German president Frank-Walter Steinmeier was welcomed with military pomp, a 41-gun royal salute and a celebratory oversized Royal Standard flag flown above Windsor Castle on the first state visit by a German leader to the UK in 27 years.
King Charles and Queen Camilla accompanied the president and his wife, Elke Büdenbender, on a carriage ride through Windsor’s streets at the start of the three-day visit, which will also see the German leader pay a poignant visit to the ruins of Coventry cathedral, bombed during the second world war.
The visit comes at a difficult time for Europe in the face of Russian aggression in Ukraine, and will aim to underscore the Kensington treaty, signed in July as the first formal pact between the UK and Germany since the second world war, and which sets out plans for closer cooperation on migration, defence, trade and education.
At 10 Downing Street, before holding private talks with prime minister Keir Starmer, Steinmeier said the UK-German relationship was in “far better shape” than in the “difficult” post-Brexit period, and relations had improved with the Kensington treaty.
“We have a new security situation in Europe, if not in the whole world. So therefore there is a need of closer cooperation,” he said.
“But we were talking also about economic and closer ties between our companies, about the exchange of people.
“So therefore, after some years with growing difficulties after 2016 I think we are in a far better shape and we have to engage in improving the situation and coming closer in this changing world with new threats to all of us.”
Starmer said the two counties had “worked very, very closely on hugely important issues like Ukraine, where our two countries think alike and act alike, on issues of migration and on economic growth and trade, where we go from strength to strength”.
Steinmeier, 69, will also address parliamentarians during his stay.
A Downing Street spokesperson said of the meeting between Steinmeier and Starmer that they “agreed on the importance of continuing to work together to deliver a just and lasting peace for Ukraine”.
The spokesperson added: “They discussed the urgent need to tackle irregular migration, and the progress of new legislation to make facilitating illegal migration from Germany to the UK a crime.
“The prime minister outlined how, once approved by Germany’s parliament, this will bolster efforts to prosecute those involved in smuggling and support the dismantling of the criminal networks driving unacceptable and unlawful journeys through Europe.”
The visiting couple were attending a lavish state banquet on Wednesday evening in Windsor Castle’s St George’s Hall, with the room decorated with a six-metre Christmas tree featuring 3,000 lights and echoing the German Christmas tradition popularised by Queen Victoria and Prince Albert.
In the traditional exchange of gifts, Charles presented the president with a handmade walking stick from the Isle of Mull and a decorative slipware plate, and in return received an umbrella and a specially made cheese.

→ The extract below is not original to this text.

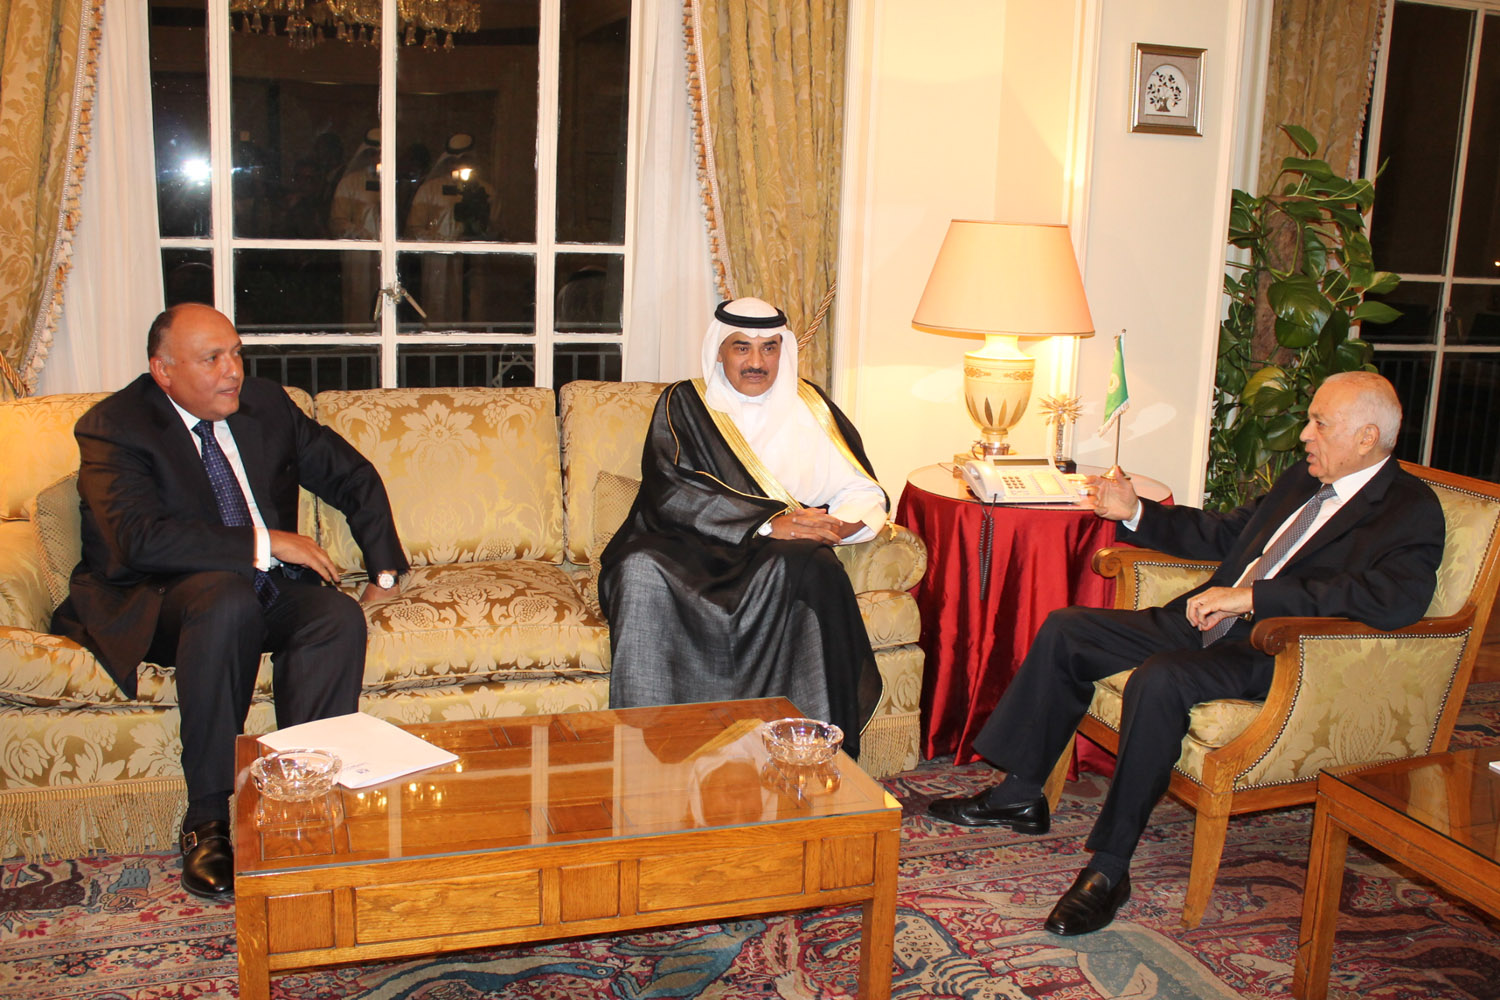 Kuwait's First Deputy Prime Minister and Foreign Minister Sheikh Sabah Khaled Al-Hamad Al-Sabah meets with Arab League Secretary General Nabil Al-Araby and Egyptian Foreign Minister Sameh Shukri

For the first time in modern history there was a Christmassy feel to the state banquet, with the table decorated in festive deep red poinsettias, bright red berries and mini fir trees.
German model Claudia Schiffer was seated next to Starmer. Her film-maker husband Sir Matthew Vaughn, movie-score composer Hans Zimmer, Strictly Come Dancing judge Motsi Mabuse, and The Gruffalo children’s book illustrator Axel Scheffler, were on the 152-strong guest list.
German former football player Thomas Hitzlsperger, who played for Aston Villa, and England Lioness Georgia Stanway were also invited.
A black forest gateau cocktail was created especially. The menu consisted of tartlet of hot smoked trout with langoustines, quail eggs and shellfish sauce; Windsor partridge supreme wrapped in puff pastry with confit cabbage and port sauce. Dessert was baked alaska with ice-cream. The wine list diplomatically included a German white wine – Joh. Jos. Prüm, Graacher Himmelreich, Spätlese, 2010.
Anti-monarchists protested over the controversy regarding Andrew Mountbatten-Windsor’s links to Jeffrey Epstein earlier in Windsor.
Campaign group Republic accused Thames Valley police of an attack on free speech, claiming protesters were threatened with arrest if they displayed a banner saying “Charles, what are you hiding?” as the state visit procession passed through.
Thames Valley police said they had “facilitated a peaceful protest” and officers had stopped the protesters using a loudhailer when horses were nearby and “asked them to step back to our designated protest area”.